Let $ N: {\mathcal{L}^{2}}([0,1]) \to {\mathcal{L}^{2}}([0,1]) $ be the normal operator defined by $$ \forall f \in {\mathcal{L}^{2}}([0,1]),\forall t \in [0,1]: \quad [N(f)](t) \stackrel{\text{def}}{=} t \cdot f(t). $$ What is the projection-valued measure corresponding to $ N $?

As $ \sigma(N) = [0,1] $, we need a projection-valued measure $ P $ supported on $ [0,1] $. Theoretically, it should be defined just by $$ P(E) = {\chi_{E}}(N), $$ where $ \chi_{E} $ is the characteristic function of $ E \subseteq [0,1] $ and $ {\chi_{E}}(N) $ is obtained via the Borel functional calculus of $ N $.

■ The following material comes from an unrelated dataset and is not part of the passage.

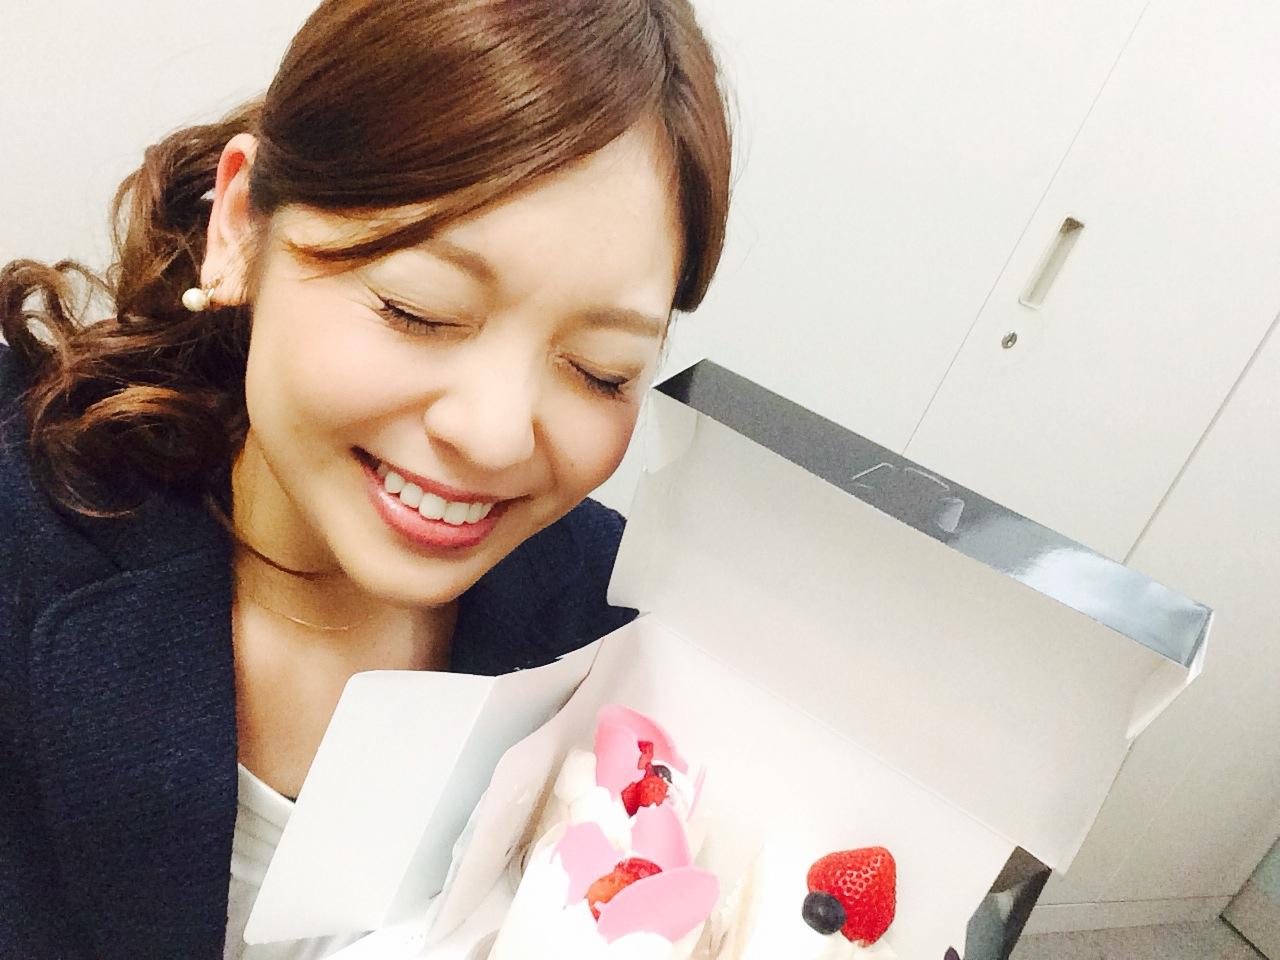 森夏美 (1995年生)の画像 p1_29

However, to find $ {\chi_{E}}(N) $, we need to find a sequence of polynomial functions converging to $ \chi_{E} $, which is not an easy job.

I somehow feel that the projection-valued measure is given simply by $ P(E) = {\chi_{E}}(N) $, but I am not sure.

Can someone give a hint on how to compute the spectral/projection-valued measure explicitly?

Thanks!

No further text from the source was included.